Un journaliste d’al Ahdath al Maghribiya a contacté les services du 2nd arrondissement qui « ont
catégoriquement nié que le vendeur ait été frappé, piétiné ou enchaîné…
mais on nous a confirmé qu’un moqaddem a appelé deux de ses collègues
sans autorisation de l’autorité locale, et qu’il est aujourd’hui
suspendu en attendant qu’il soit déféré devant le conseil de discipline
de la préfecture de Mohammedia ».
« Nié catégoriquement »… fort bien, donc les images sont
truquées et les témoins ont, tous, menti.

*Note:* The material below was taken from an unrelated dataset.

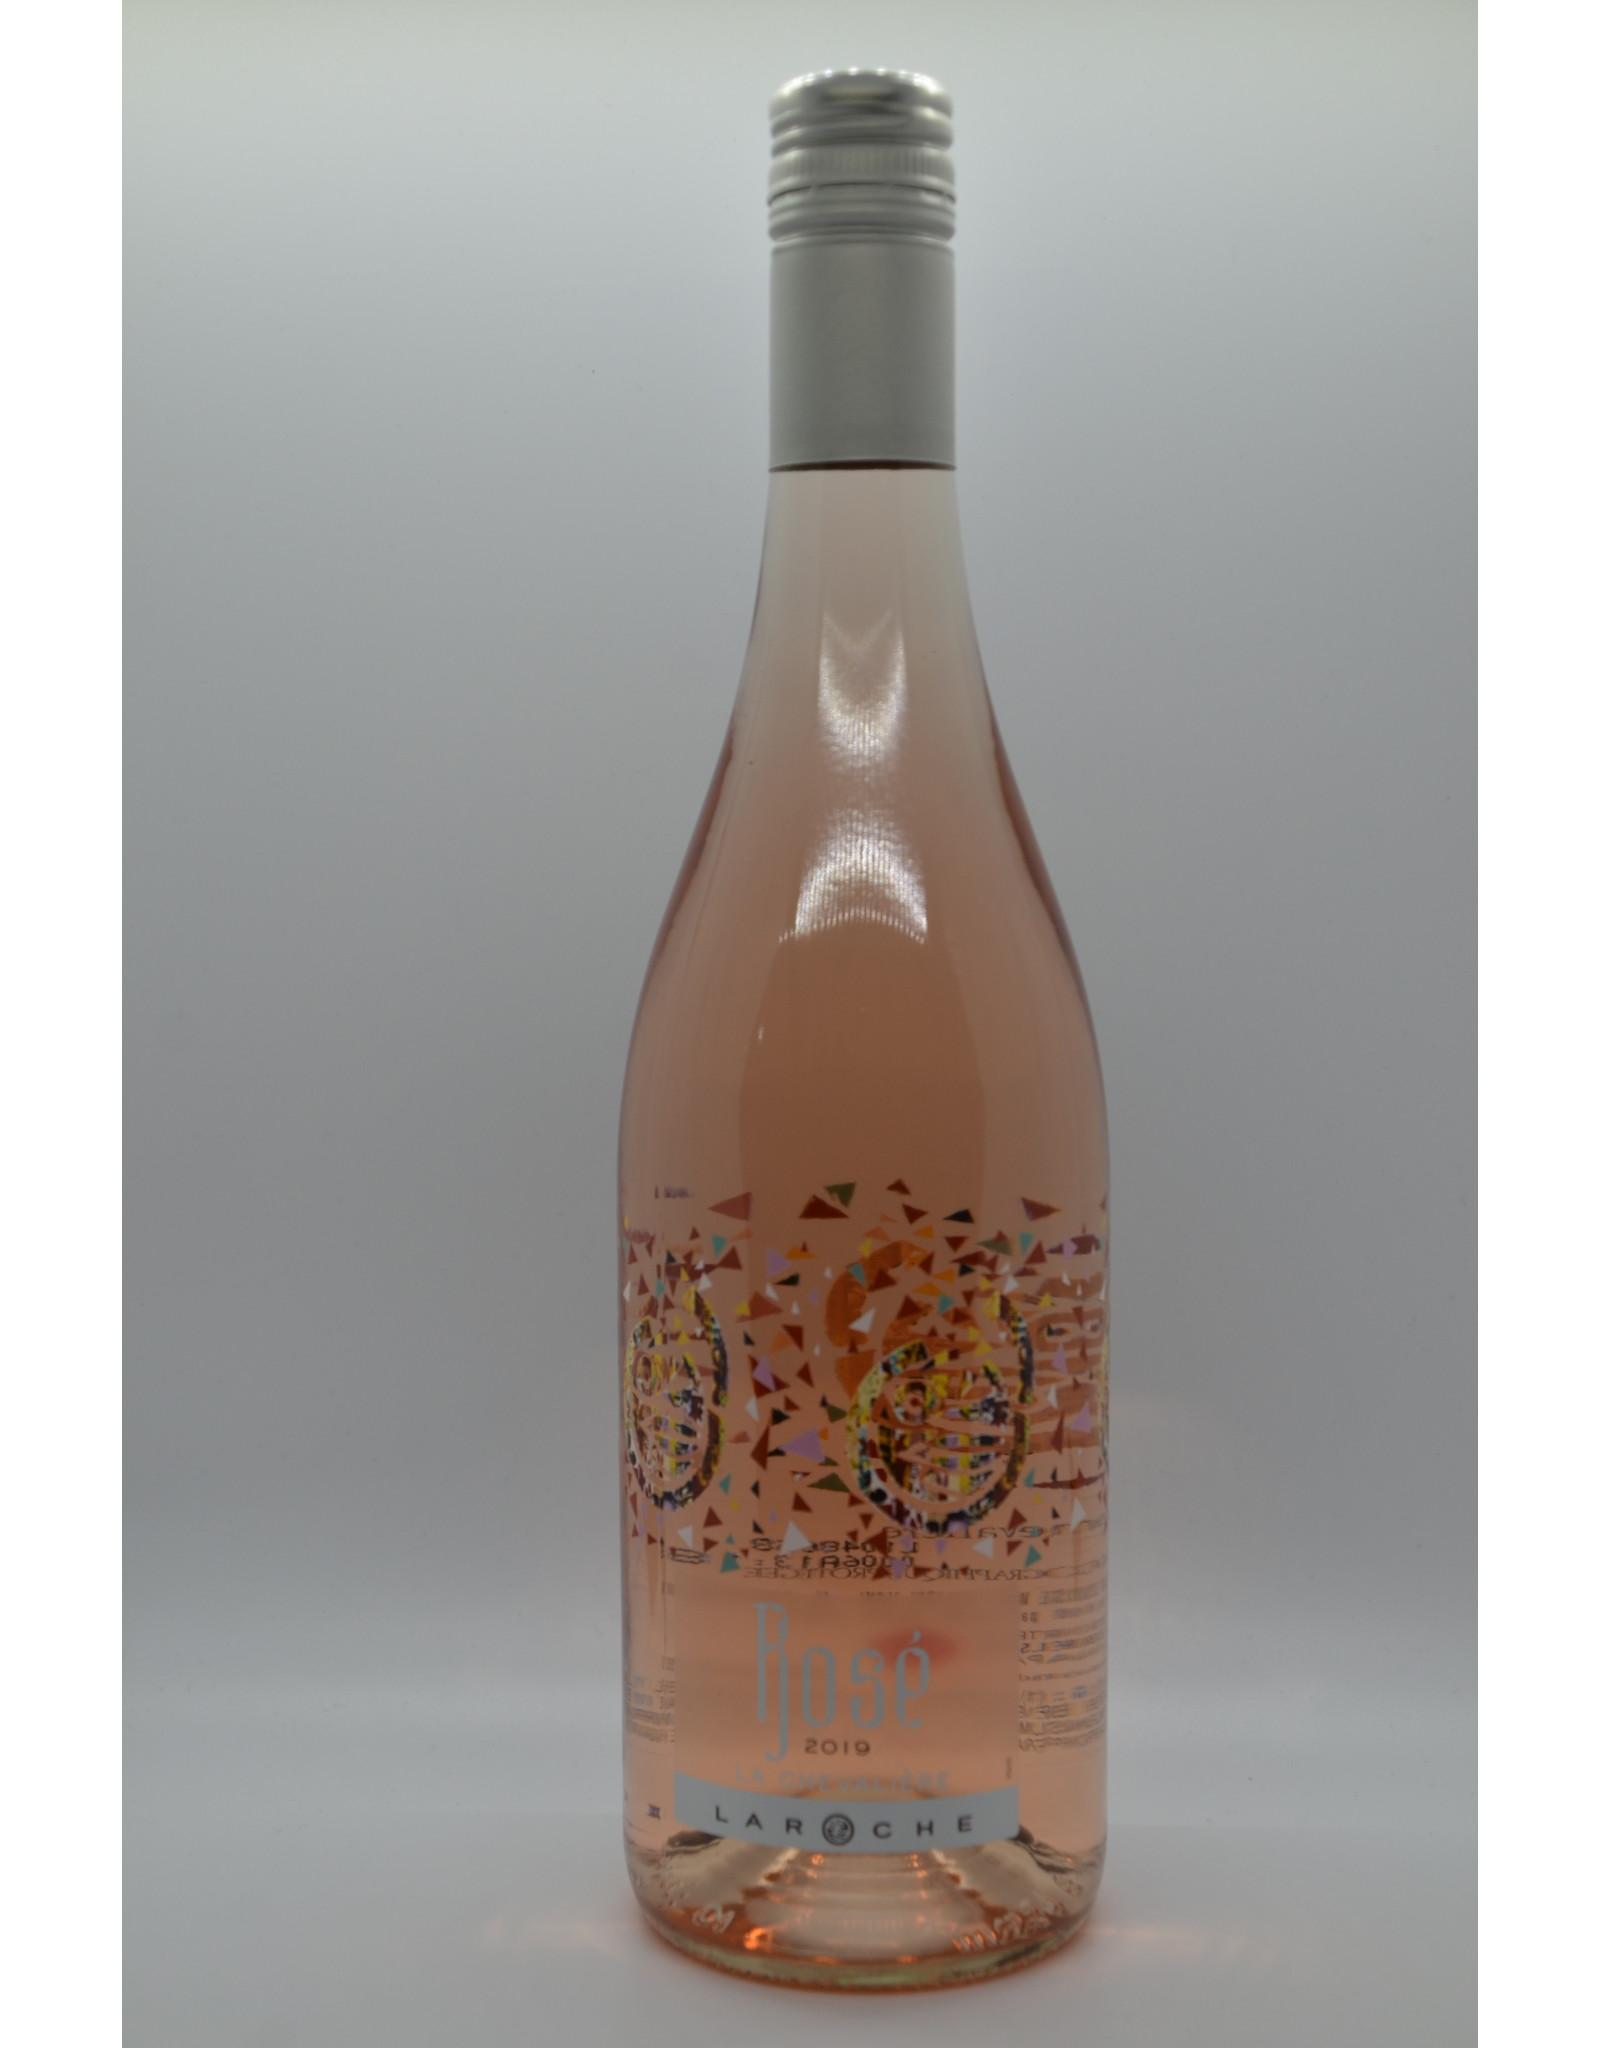 France La Chevaliere Laroche Rosé

On se demande bien pourquoi,
et pour quelle raison aussi le passer devant le conseil de discipline ?
Selon le quotidien al Massae qui a également rapporté l'information
et qui a interrogé des responsables de la préfecture de Mohammedia, le
vendeur est un individu "marginal, qui a un casier judiciaire et qui a tenté de fuir, ne répondant pas à l'interpellation des moqaddems".

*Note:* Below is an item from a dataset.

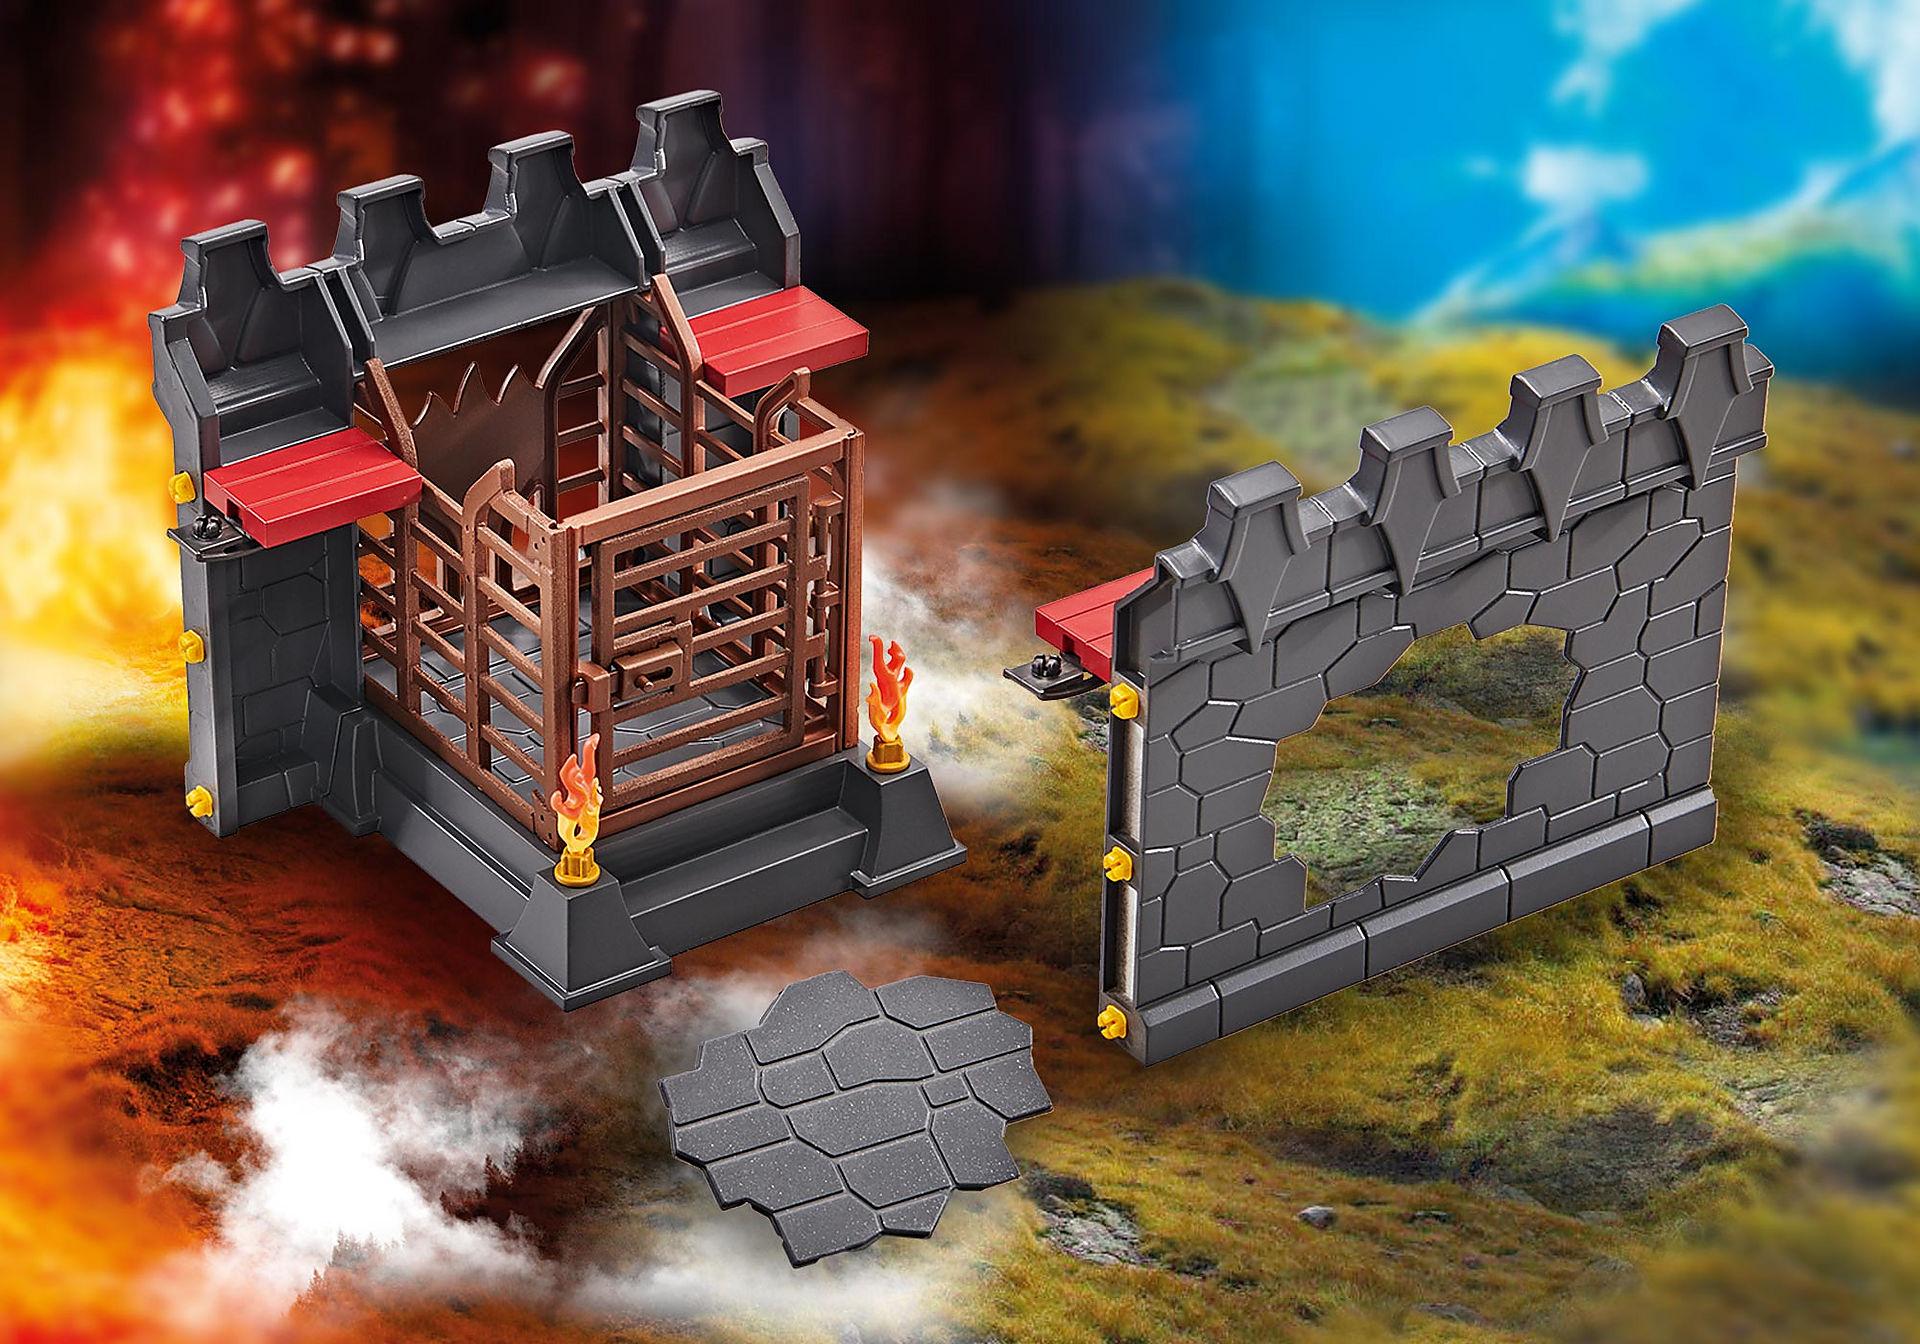 9841 Uitbreiding gevel met gevangenis en doorbreekmuur voor Kasteel van de Burnham Raiders  zoom image1

Est-ce une raison pour l'enchaîner et le piétinier ? N'est-il pas un
citoyen qui, quand bien même il aurait un casier judiciaire, bénéficie
de droits ?
Ces dernières semaines, la société dite civile s’enflamme pour un
homosexuel lynché, pour deux jeunes femmes elles aussi exposées à la
vindicte de la foule, pour une adolescente portant short dans un souk de
Safi et invectivée… Tout cela aurait un sens si la même société civile
s’intéressait également à ce genre d’exactions d’agents (auxiliaires ou
officiels) vivant dans un autre temps et usant de mœurs qu’on croyait
révolues, mais qui ne le sont pas toujours. La société civile, pour ne
pas perdre sa crédibilité, dans les deux camps en opposition et qui
s’affrontent par faits divers interposés, avec leurs armées
d’internautes, serait grandie en pointant tous ces dérapages et en
suivant ces affaires jusque dans les salles de tribunaux.
Saluons au passage l’action du caïd qui est intervenu et a mis un
terme à cette grave atteinte des droits de l’Homme, ainsi que celle des
agents (et officier) de police) que l’on voit sur la vidéo et qui ne
sont pas intervenus pour disperser l’attroupement, se contentant de
faire la circulation, et laissant les gens exprimer leur colère.